Maintain BUY. A-REIT provides FY08 distribution yield of 6.41%, a healthy spread of 4.04% over 10-year Singapore government bond yield at 2.37%. Our target price is S$3.00 based on 2-stage dividend discount model.
AREIT – BT
A-Reit full-year distributable income rises 14.3% to $187.3m
ASCENDAS Real Estate Investment Trust (A-Reit) has reported gross revenue of $322 million for the full year ended March 31, 2008 – an increase of 13.9 per cent over the previous year.
Net property income for the year came to $243 million, up 15.8 per cent year on year.
Distributable income for the FY2007-08 totalled $187.3 million, up 14.3 per cent year on year, while distributable income per unit (DPU) was 14.13 cents, a 10.8 per cent rise. This also represents an annualised yield of 5.94 per cent based on the closing price of $2.38 per unit on March 31, 2008.
For the quarter, DPU was 3.69 cents, an increase of 11.8 per cent compared with the same period a year ago. This will be paid out on May 30, 2008.
A-Reit manager Ascendas Funds Management Ltd’s CEO Tan Ser Ping attributed growth in net property income to ‘positive rental reversion, active leasing and full-year contribution from prior year acquisitions’.
A-Reit now has 84 properties worth $4.2 billion, up from 77 properties worth $3.3 billion a year ago.
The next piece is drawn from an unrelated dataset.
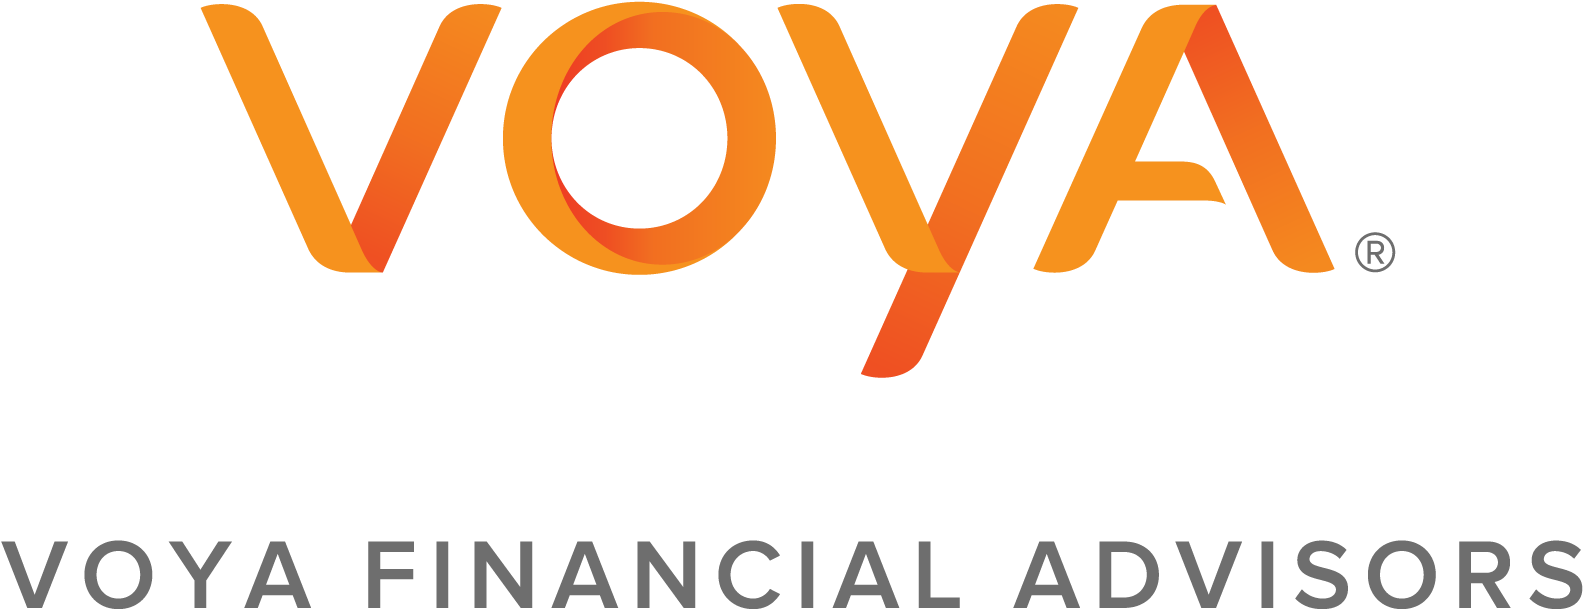 voya-financial-advisors-logo.png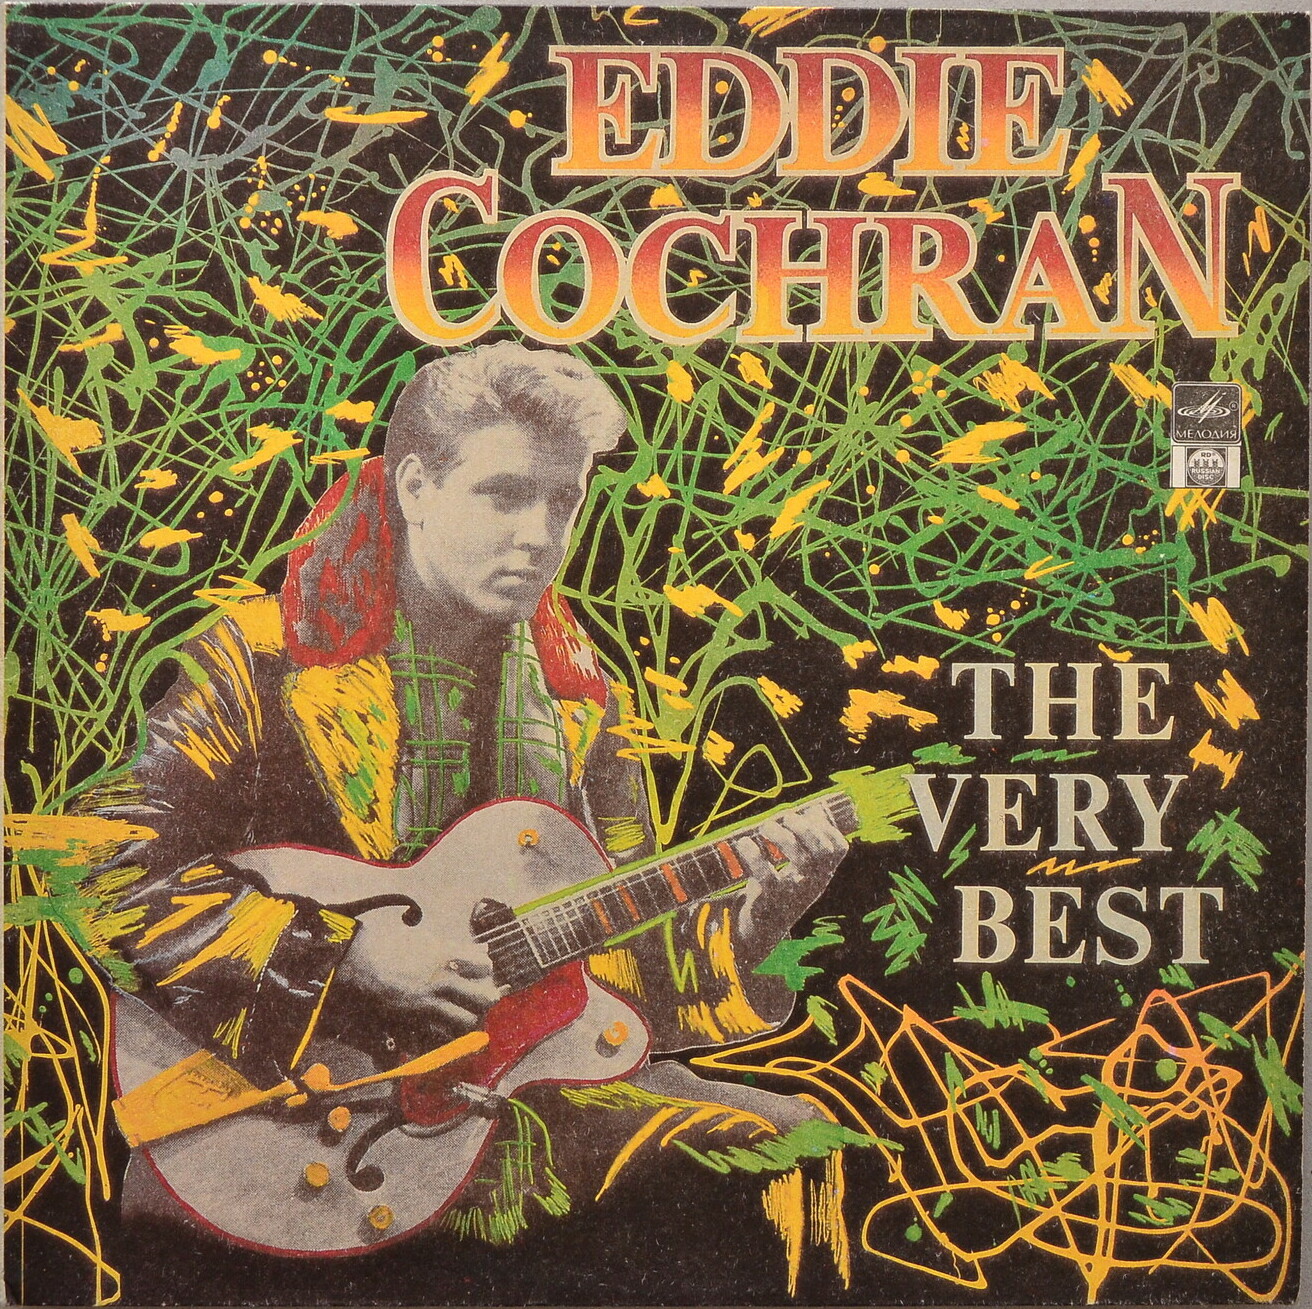 EDDIE COCHRAN – “The Very Best”

In the mandatory annual revaluation exercise conducted in March 2008, A-Reit also recorded a net appreciation of $494.1 million or 14.2 per cent over the book value of the properties (before revaluation) as at March 31, 2008.
In the year, A-Reit acquired seven properties and completed its third development project, HansaPoint@CBP, as well as two asset enhancement initiatives for a total of about $310 million.
The overall occupancy for A-Reit’s portfolio of 84 properties stands at 98.4 per cent compared with 96.6 per cent a year ago. Occupancy rate for multi-tenanted buildings increased by 2.7 per cent to 96.4 per cent compared with a year ago. It said the increase in occupancy is partly due to the spillover demand from the tight office supply situation in the CBD and the continued inflow of multinational companies setting up or expanding operations in Singapore.
For the year, A-Reit renewed or leased a total of 274,061 sq m of space. On a year-on-year basis, it registered 46 per cent and 40.3 per cent for its renewal rental rates for the Business and Science Parks, and high-tech industrial sub-sectors.
For the year ahead, A-Reit manager Ascendas Funds Management said it ‘expects to be able to deliver a DPU for the coming year that is in line with its recent performance’.
However, it did highlight a CB Richard Ellis report which expects the increase in rents and occupancy rates for high-tech and business parks space to continue at a ‘less brisk pace due to limited upcoming supply’.
Yesterday, A-Reit’s unit price fell two cents to close at $2.35 per unit.